Novadip Biosciences SA appoints Judy Ashworth as CMO

Novadip Biosciences SA, a clinical stage company developing treatments to regenerate impaired tissue in patients with significant unmet medical needs, today announced the appointment of Judy Ashworth, MD, as Chief Medical Officer of the Company. Dr Ashworth brings deep experience and strong managerial skills in drug development and operations.

“We are pleased to welcome Dr Judy Ashworth to our executive management team,” said Denis Dufrane, MD, PhD, Chief Executive Officer of Novadip. “Dr Ashworth has a tremendous amount of experience in clinical development. She will help guide and accelerate our clinical development program, including our upcoming Type C meeting with FDA to discuss the next development step for one of our lead assets, NVD-003.”

Dr Ashworth is currently Senior Vice President at Pinney Associates, Inc., where she supports clients’ clinical development programs across a range of indications. Dr Ashworth also serves as the Chief Medical Officer for Harm Reduction Therapeutics, a nonprofit pharmaceutical company developing a low-cost naloxone available product for the OTC market to reduce opioid overdose deaths. Dr Ashworth received her bachelor’s degree in Biology from the University of California Santa Barbara and her medical degree from the University of California Los Angeles.

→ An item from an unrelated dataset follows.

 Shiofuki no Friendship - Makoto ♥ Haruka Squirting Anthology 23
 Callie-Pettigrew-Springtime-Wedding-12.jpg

“I am elated to join the Novadip team to help advance the clinical development of Novadip’s tissue regeneration product pipeline,” said Dr Ashworth, MD, Chief Medical Officer of Novadip. “The data and patient outcomes generated to date from both clinical studies and compassionate use truly demonstrate the potential clinical utility of this technology for patients with critical size bone defects and non-healing fractures.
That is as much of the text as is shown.